What you will do: In the listing that follows, the lines starting at the one containing "Ofu Beach, American" and ending at the one containing "Panda Village Single" are to be returned exactly, both boundary lines included, and no others.

Working data:
______

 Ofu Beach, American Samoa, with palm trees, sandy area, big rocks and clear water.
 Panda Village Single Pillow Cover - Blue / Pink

______

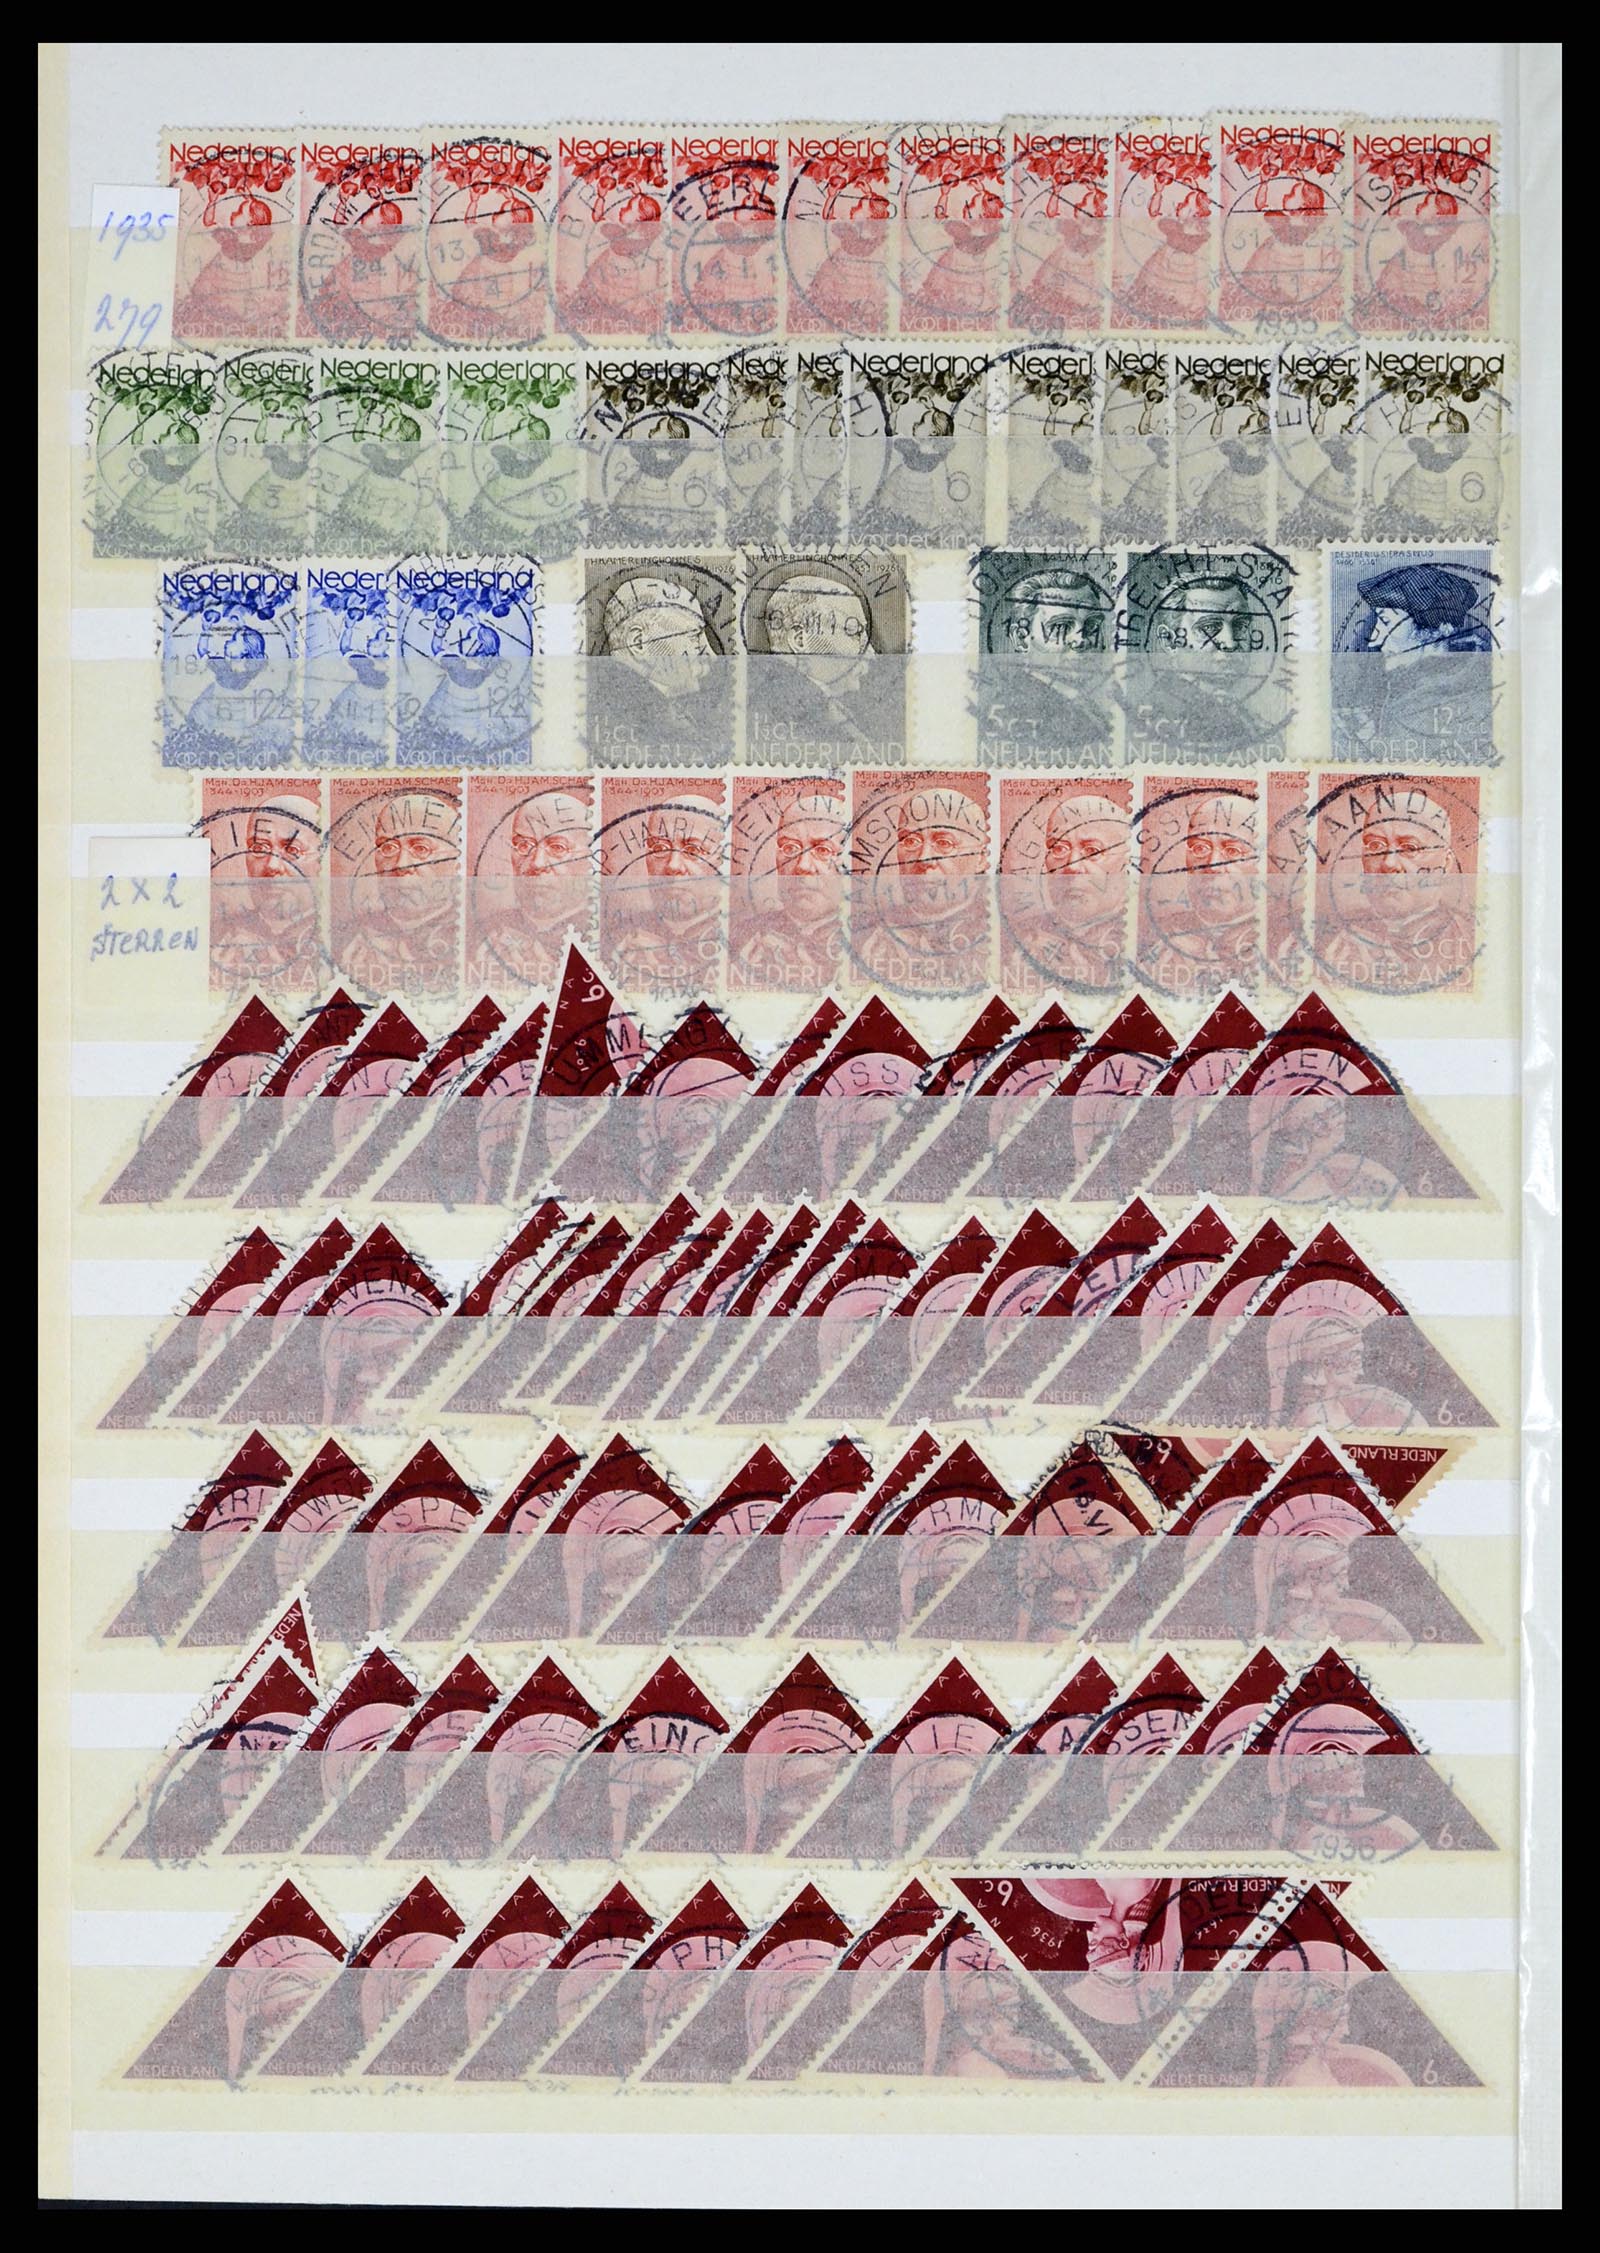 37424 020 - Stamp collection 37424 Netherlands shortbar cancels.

______

Solution:
 Ofu Beach, American Samoa, with palm trees, sandy area, big rocks and clear water.
 Panda Village Single Pillow Cover - Blue / Pink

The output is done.